Because an image is only a 2D representation of the scene, I'm using a similar method to tour into the picture to create a 3D representation of the image. This 3D representation will have a floor, left and right walls, and a back wall, but no ceiling (because it is assumed to be an outdoor scene). The sky in the original image is removed using an alpha channel, and it is assumed that the sky was a constant illumination. Using this the illumination from this sky is subtracted out from the model, allowing for a new sky to be inserted and relight the image.
An ideal image would be an image of a city on an overcast day, with a single point perspective. It also would have the tops of buildings in the image so that the shadows can be determined better.
Here are some examples of this 3D construction from the original image:
|Original Image||Alpha Mask|
|User selected back plane and vanishing point||Calculated planes for each wall|
|3D Representation of the city with sky removed|
To relight the scene I used HDR light probe images from Jean-Francois Lalonde's research. Each of the light probes were rendered from a web camera image at different times of day. I used 151 images over the course of the day, and a sampling of these images can be seen in tone mapped versions below. The colors aren't entirely accurate due to distortions when tone mapped to rgb from hdr.
To create the visibility map for a given point in the image I did the following:
1. Cast a ray from the image point in 3D space to each pixel on the sky dome.
2. See how the angle of this ray compares with the normal at this point.

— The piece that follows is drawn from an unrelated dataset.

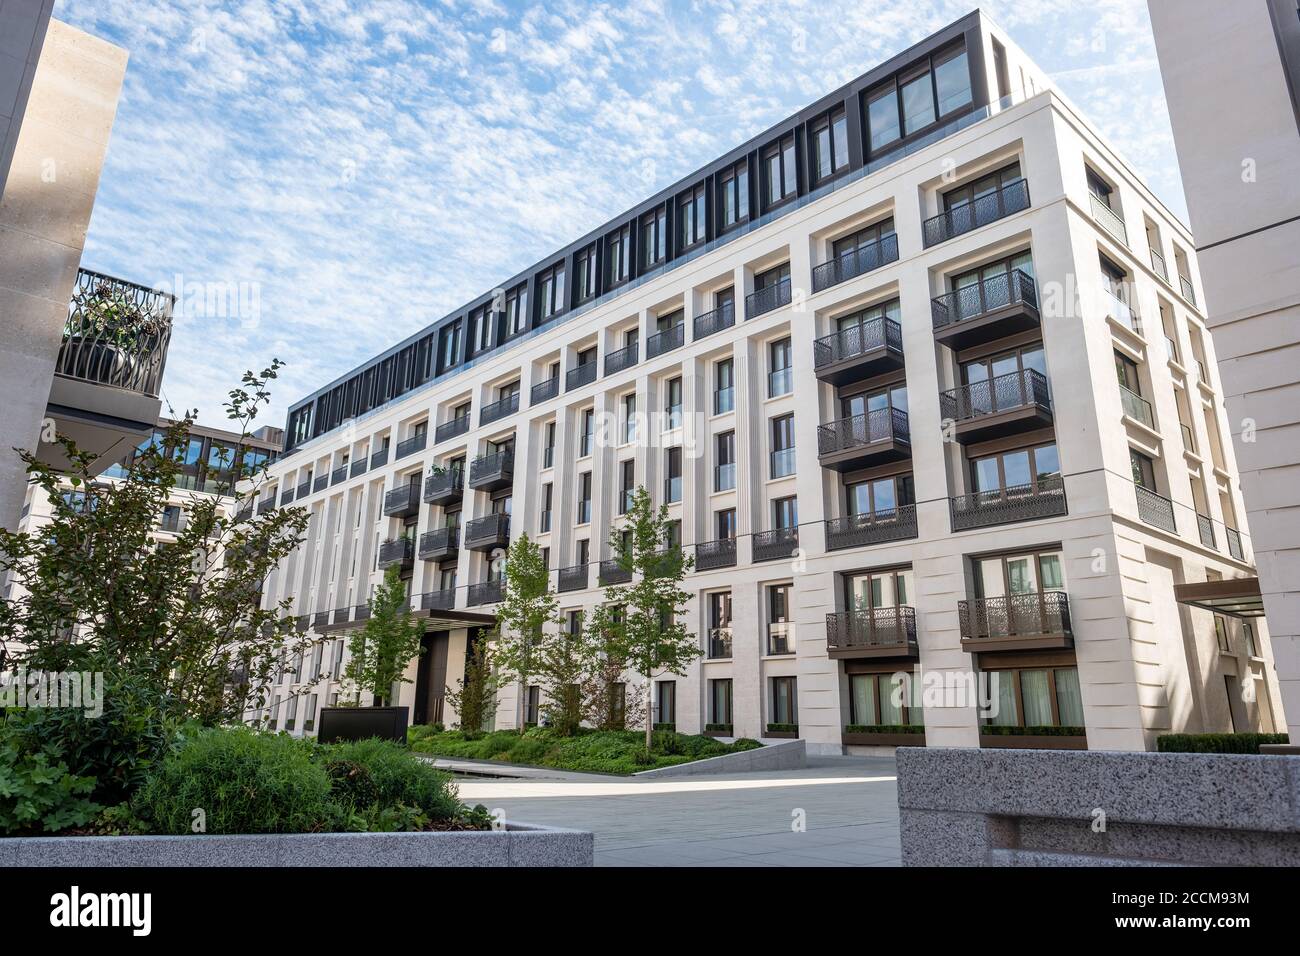 Chelsea Barracks, développement résidentiel au large de Pimlico Road dans l'ouest de Londres- ROYAUME-UNI Banque D'Images

This was caculated using rayDir dot normal
-If this value was less than zero, then the ray is coming from behind and therefore does light the point.
-Otherwise the ray may light the point if it's not blocked by another surface.
3. Check that another wall doesn't block this ray
-Loop through each of the 3 other walls and see where the ray intersects the plane each wall is in.
-If it intersects the plane before hitting the pixel, then check if it intersects where there are buildings.
-To check this I passed in a coded image that had each wall represented by a number and any part that had alpha=0 represented by a 0 (an example can be seen below).
4. If the ray isn't obstructed, then put the value of rayDir dot normal in the visibility map.
Otherwise, put a value of 0 in the visibility map.